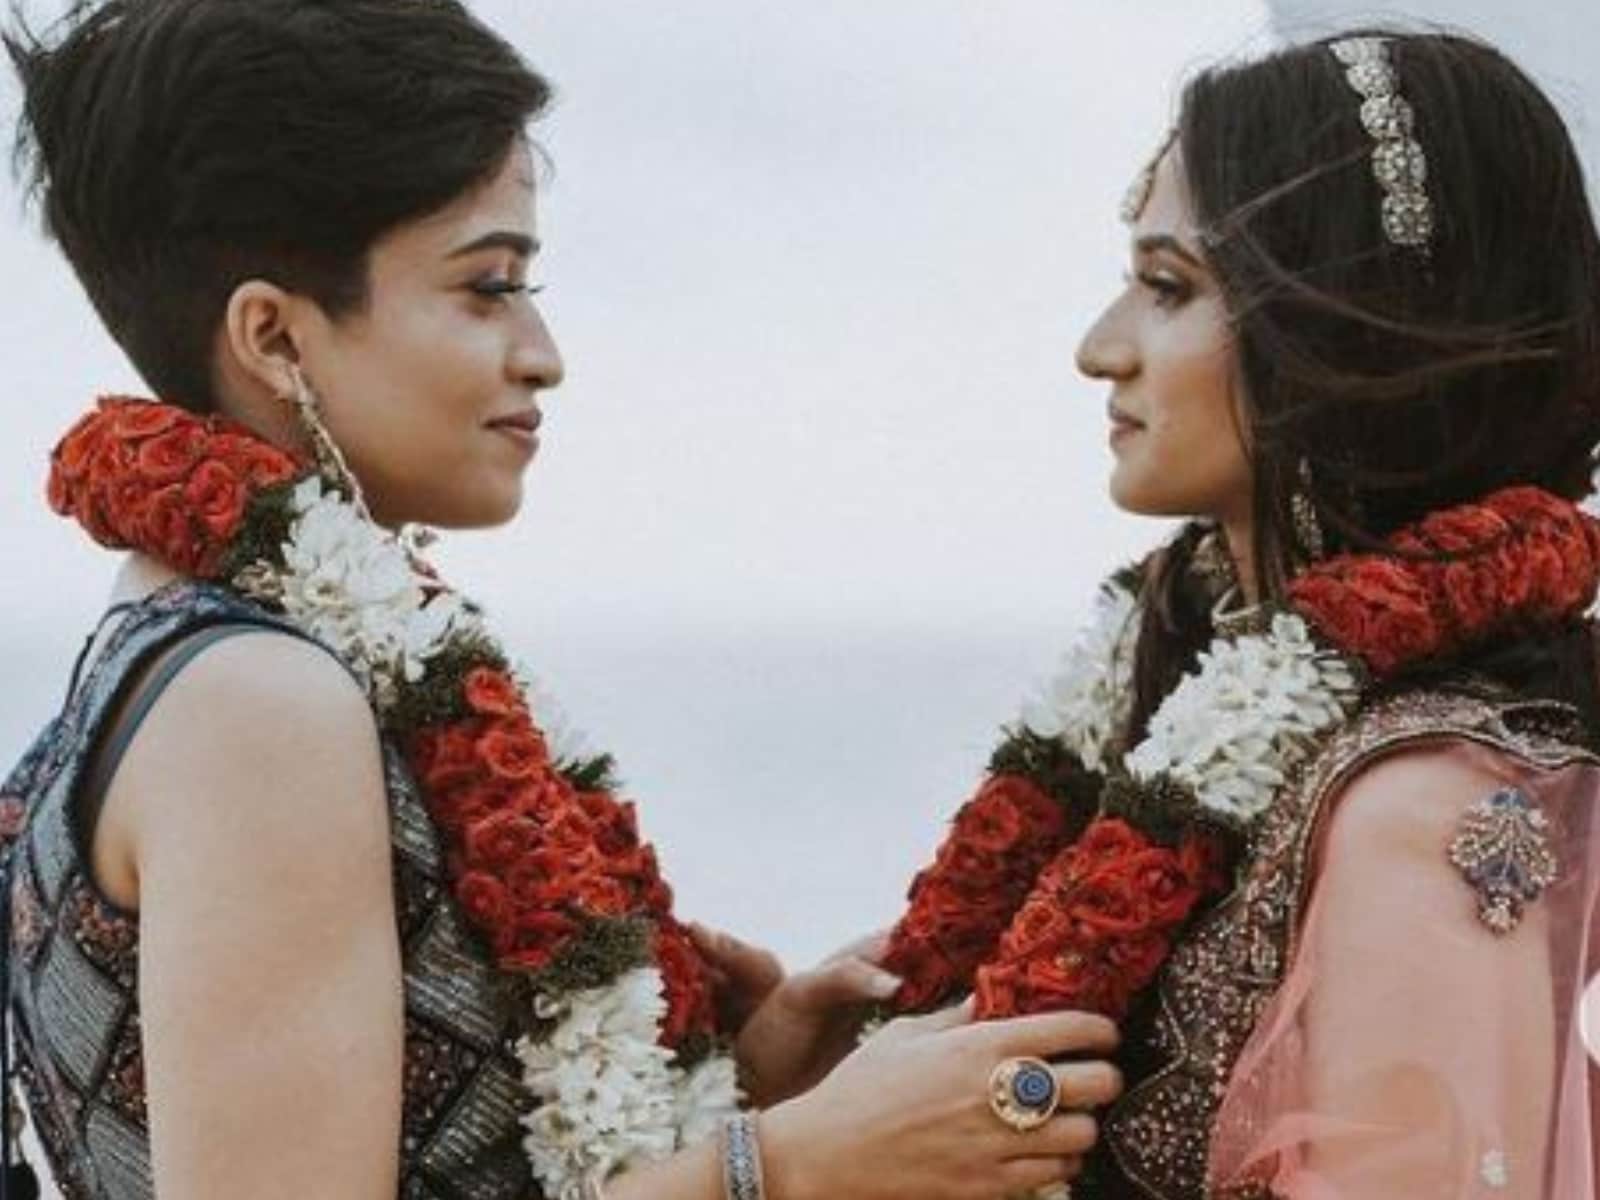 Kerala Teen Lesbian - Kerala Lesbian Couple, Once Separated by Families, Turns Brides in Wedding  Photoshoot
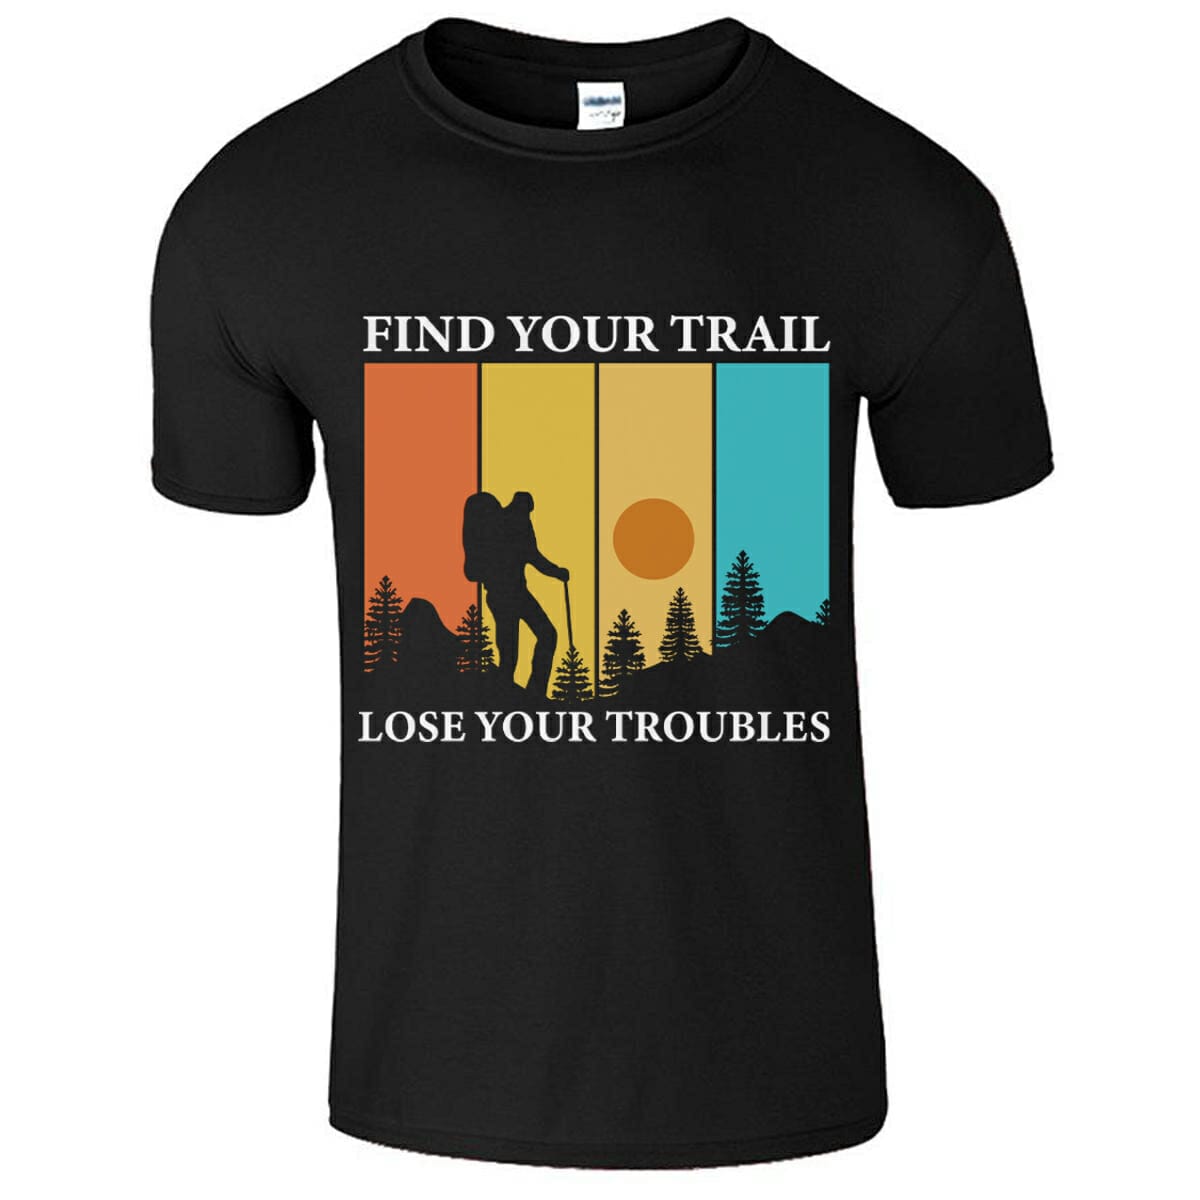 Find Your Trail Lose Your Troubles T-Shirt Design For Hiking
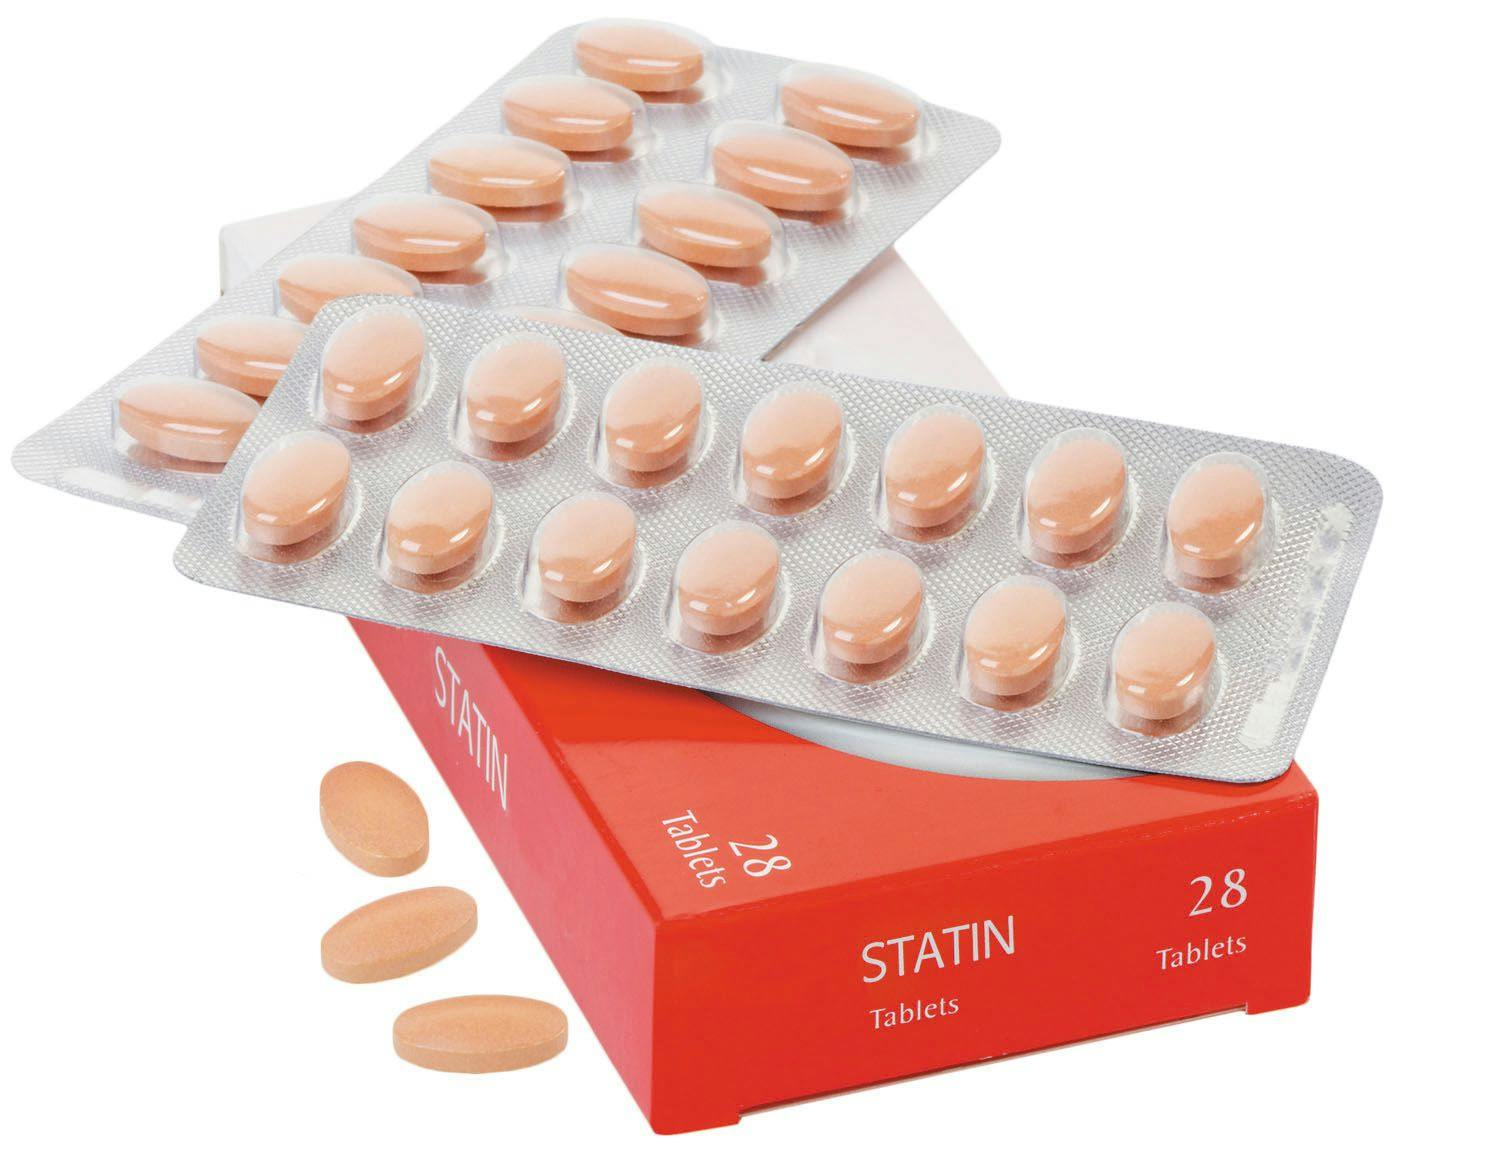 Expanding Statin Treatment Could be Cost-Effective and Prevent ASCVD Events

• [WORK REQUEST] Retype the listing exactly. Pictures do not belong in the copy.

• [SOLUTION FOR THIS PROBLEM]
 Kerala Teen Lesbian - Kerala Lesbian Couple, Once Separated by Families, Turns Brides in Wedding  Photoshoot
 Find Your Trail Lose Your Troubles T-Shirt Design For Hiking
 Expanding Statin Treatment Could be Cost-Effective and Prevent ASCVD Events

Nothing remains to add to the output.